Whatever the story was, the house was on the Pholela and I had a rod as well as what, from a fish’s point of view, was murderous intent. 

I was back then a raw novice at stream fishing. I had in a terribly clunky and unsuccessful way fished a stream before. While my intent may have murderous, my actions in those days would have bordered more closely on a teenager for the first time negotiating the clasp of a bra strap – a lot of sweating, tugging and words of encouragement but without that satisfying tug on his line. 

The first time I fished a stream was in the company of a lifelong friend; a man with a pathological fear of snakes. He made it abundantly clear that we were going prepared for any serpentine eventuality or not at all. The Friday afternoon before our first outing was spent buying a pair of gumboots and a grass slasher each. 

Now, I’ve subsequently spent a fair amount of time on streams since those days and I have infrequently happened upon other anglers in the course of my ramblings. I’ve witnessed on or about their persons a lot of what can only be described as tools and implements of the trade, but I believe that we are probably the only two anglers in history who have alighted bankside with grass slashers in hand. 

Despite my selecting what I thought were some likely pools and runs the fishing was generally rather poor. I caught nothing at all that day. I did however see some fish move, swiftly, in the general direction of far, far away. 

With some experience under my belt (and having now read some frightfully austere angling tomes) I’ve happened onto the idea that perhaps, just maybe, the furiously swinging glint of a slasher in the bright sunlight as it hacked at snake-ridden spring grasses from the bank adjacent to the flow may have contributed to our lack of success. Some further research and field tests of this hypothesis may be required, but I think there’s something in it to work with. 

This time around my mind was focussed like a laser on trophy brown trout from a famous Berg stream and I was willing to risk snakebite to have at them. 

The weekend before we were to leave one of my friends called and suggested that he’d fish with me while we were there. Pleased as punch I drove over to his house with a rod, a reel and my treasured Joe Humphries stream fishing video. 

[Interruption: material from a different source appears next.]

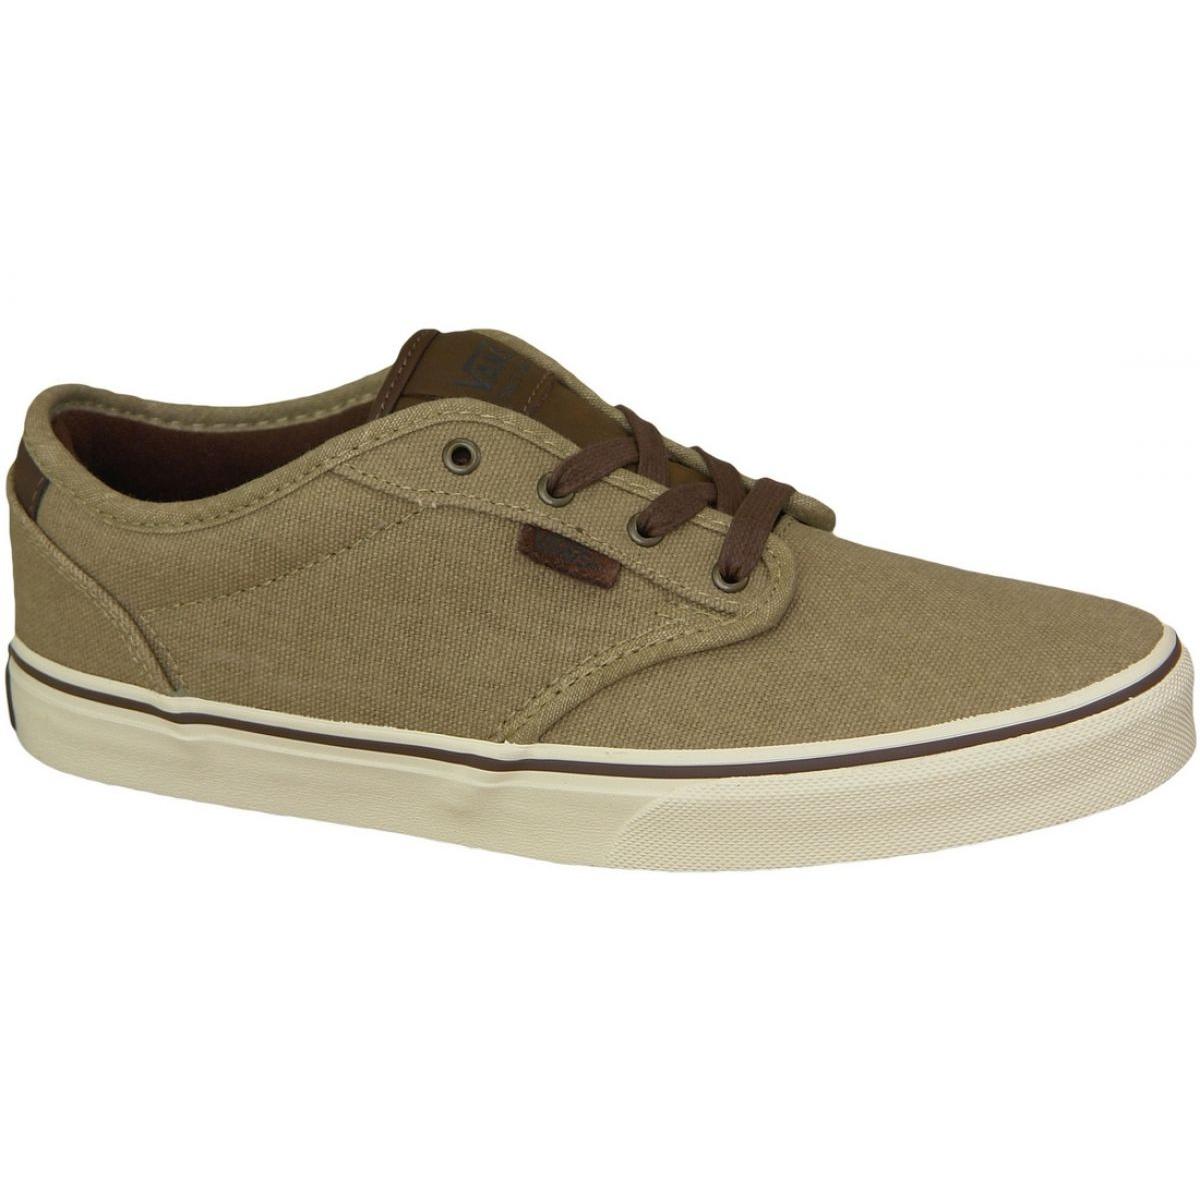 Vans Atwood Deluxe W VZSTK6V shoes beige

I don’t know where I got the video (it was a decade before these sort of things were available through the Internet) but I had watched it so many times that it was starting to become stretched in places and Joe’s foreign drawl was becoming quite unintelligible. Joe is the self-styled “Arnold Palmer of Flyfishing”, but why on earth he aspires to be like a golfer is beyond me. Perhaps he just likes ridiculous trousers. 

I taught myself to almost-cast from that video. It ingrained into my muscle memory some poor casting habits that I’ve lost all hope of ever shaking off. Every time I walk onto a stream I hear good ‘ole Joe repeating two parts of that video that became a bit of a mantra to me – “back, tap, forward, tap; in a little circular motion” and “a trout is a wily critter“. I’m sure that at least one of those statements is true, but I wouldn’t like to venture a guess at which one it is. 

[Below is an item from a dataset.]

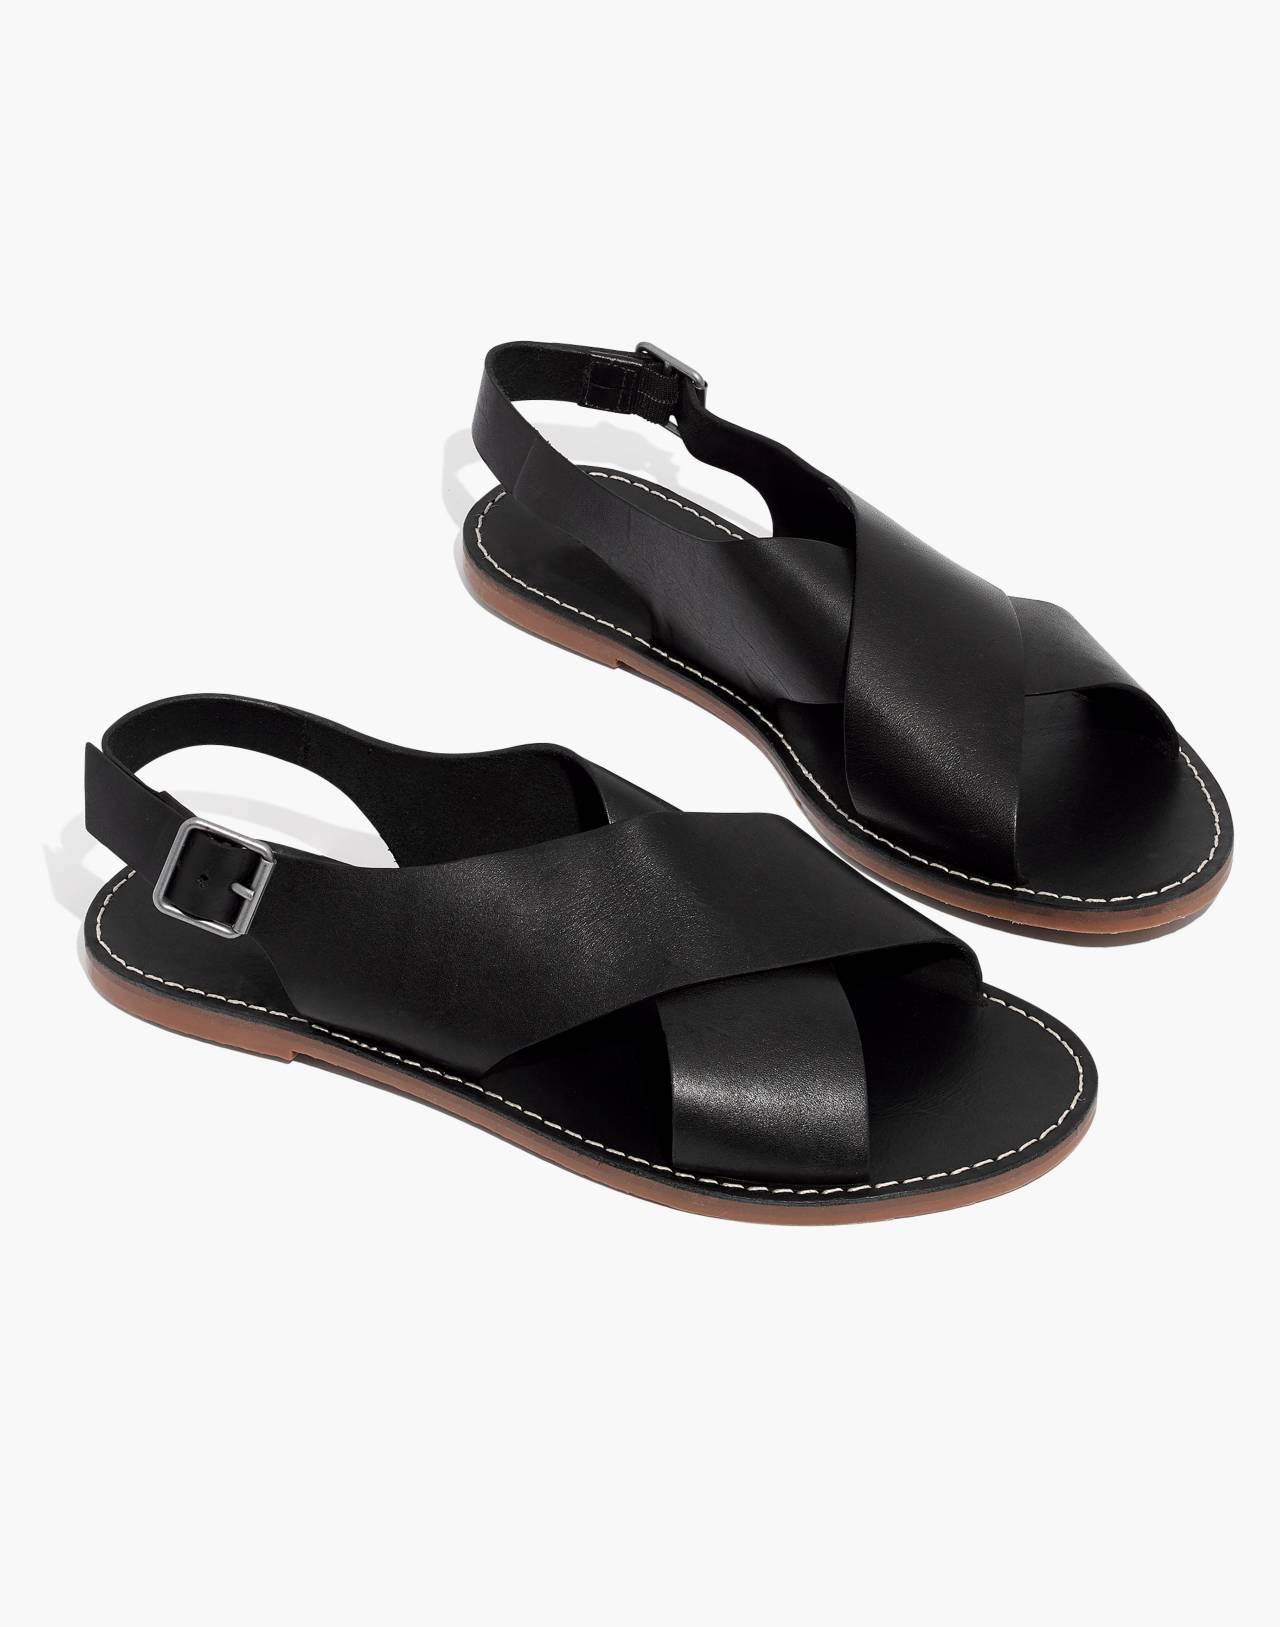 The Boardwalk Crossover Sandal in true black image 1

I recently saw a picture of a now much older Joe Humphries fishing during one of those get-togethers at the Catskill Museum. You’ll know Joe when you see him. Rather than wearing a chest pack what he’s done is to strap an average sized steel office filing cabinet to his front. How the hell he fishes with that thing on God alone knows, but he seems to have done alright. He’d just better not fall in. You’d need a harbour derrick to pick him back out. I dare say his paperwork will be irretrievably damaged though. Serves him right. 

  
My favorite sequence from the video is where he’s demonstrating how to quietly slide into the stream and how to make a tight cast to a rising fish. You see him make the cast and not long after that land the fish with a satisfied “thars a purdy liddel rainbo”. That he’s wearing a slightly different shirt to the one he was wearing when he made the cast and that it doesn’t even seem to be the same stream shouldn’t cast aspersions on what I’m led to believe are his prodigious talents. 

But I digress. 

I arrived at my mate’s house in a howling 30km/hr south wester. The wind was howling is what I mean – I drove a Corsa van at that time. I handed him the video and threatened him with his life should he lose it (which reminds me, I never did get it back). 

I strung the rod and despite the wind decided to demonstrate my best back, tap, forward, tap; in a little circular motion. I knew that it was hopeless in that wind and I don’t even know why I bothered to try. 

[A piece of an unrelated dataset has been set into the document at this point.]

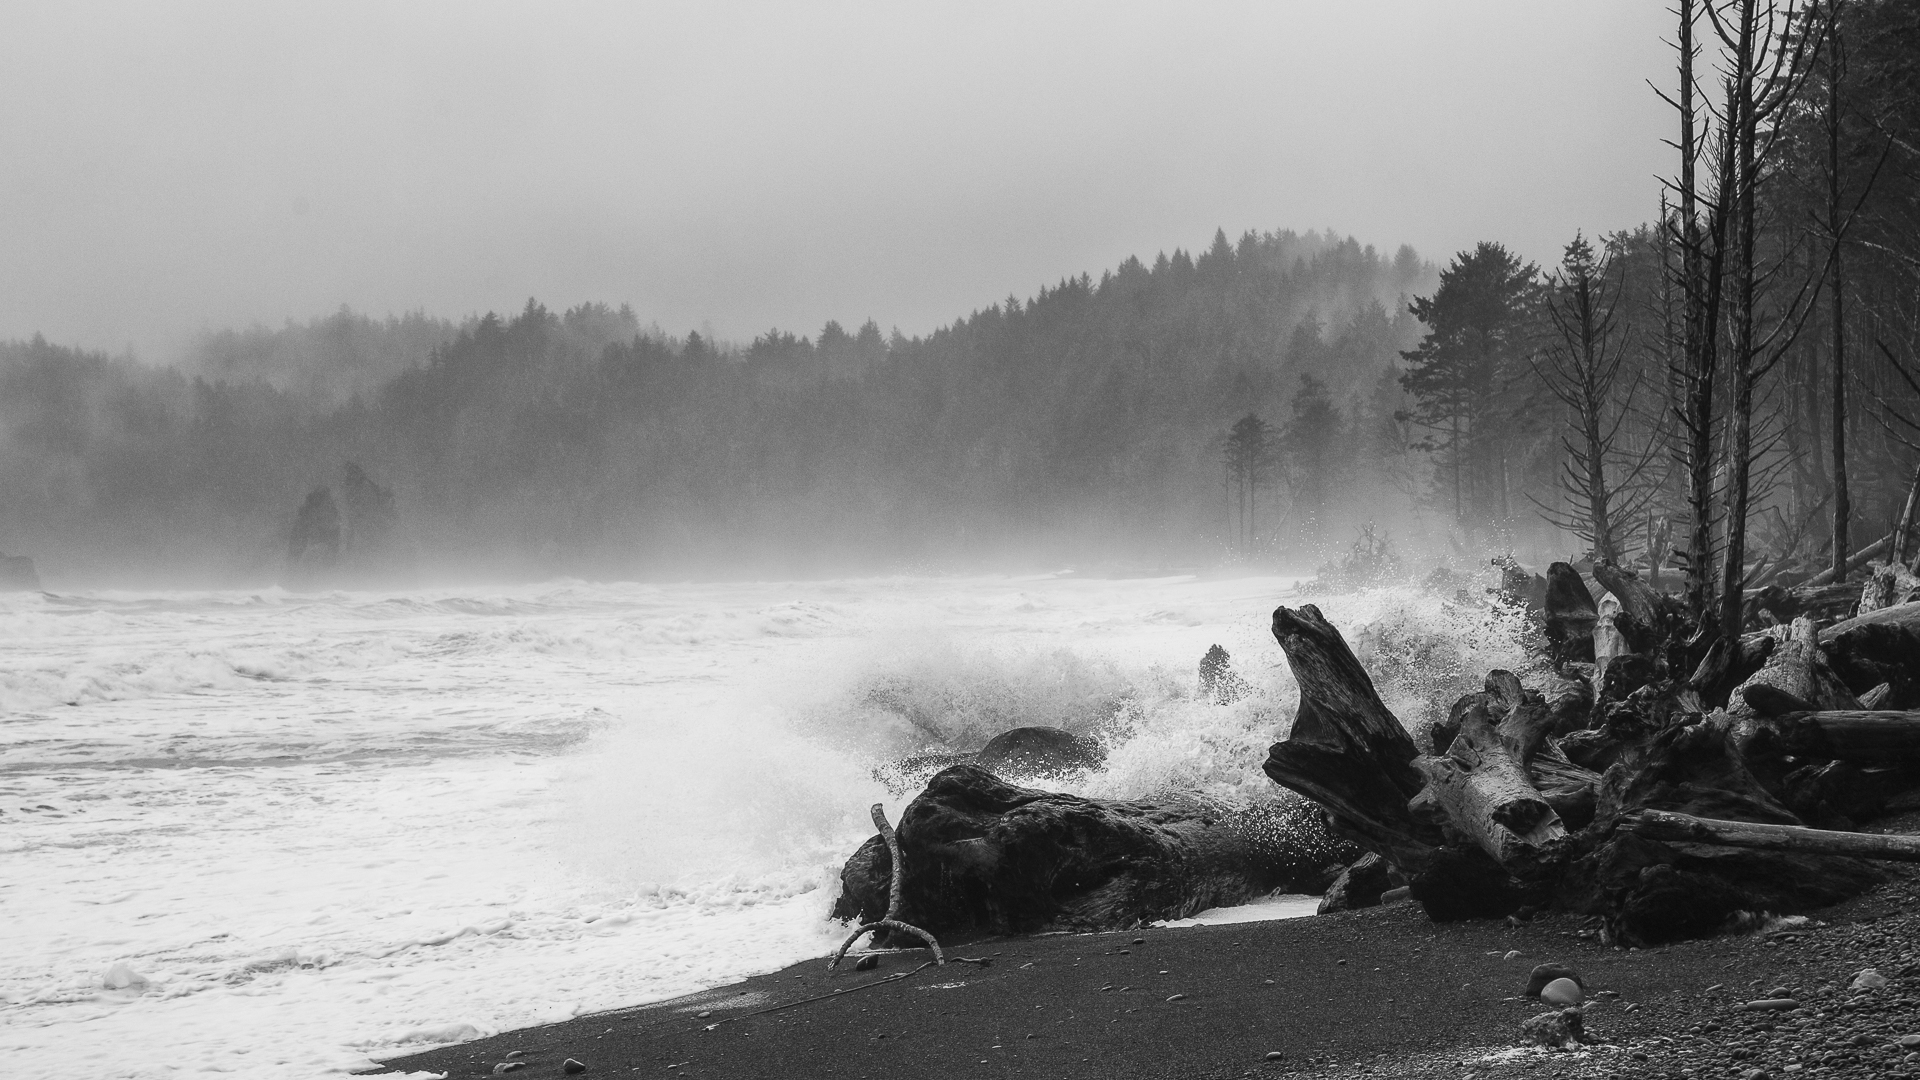 Waves crashing on Rialto Beach.

Looking up for a suitable casting target I saw a juvenile cypress tree about 15m away in the front yard. The steel stake to which it had been propped in its early youth had worked loose and lay at a slight angle maybe 12″ under the lowest branches of the tree and a yard or so in. 

I lined up my cast and loosened my wrist. I suppose that it’s a bit like when you’ve had a few too many and decide to hit on the hottest girl in the bar. You know you’re going to leave with the whole room laughing at you but you have a crack at it anyhow. Drinking, like exhibition casting in gale force winds, requires you to check-in your self respect at the door.  

“When you’re really good, like me” I said straight faced (despite an absolute conviction that I was about to lose all credibility), “you’ll be able to make the most difficult cast in any weather condition. You just need to compensate for it sufficiently. Watch closely and I’ll lay a cast at the stake under that tree.” I did my best back, tap, forward, tap; in a little circular motion, and neatly cast the leader under the lower boughs of the cypress tree and allowed the tippet unfurl and to come to rest draped neatly over the stake. I still don’t believe that I made that cast. It was – no, it IS, an impossible cast given the circumstances (primary among those circumstances being that it was I who held the rod).

It’s at times like this when you take the good fortune that the universe has just bestowed on you and try not to overthink it.

“Best you watch that video and practice every day” I said with granite features “if you too want to make casts like that.” 

I swear that his mouth was hanging open. 

“Also always remember” I added without flinching “that a trout is a wily critter.”

 

 

{Joe Humphries is legend as an instructor and flyfisher. I have both maligned and misquoted him mercilessly and untruthfully.}

{Serves him right.}

3 responses to “Sometimes You Take What You’re Given

  1. Joe passed away this year, but you can still listen to him on a recent Orvis podcast. He talks about strapping immense weight to your leader, (perhaps to balance out the filing cabinet?) and says a few other things too, but the sound quality is bad, and I think there is a background wind of 30 kms/hr. He may well say something about “wily critters”.

    Entertaining as always Savs!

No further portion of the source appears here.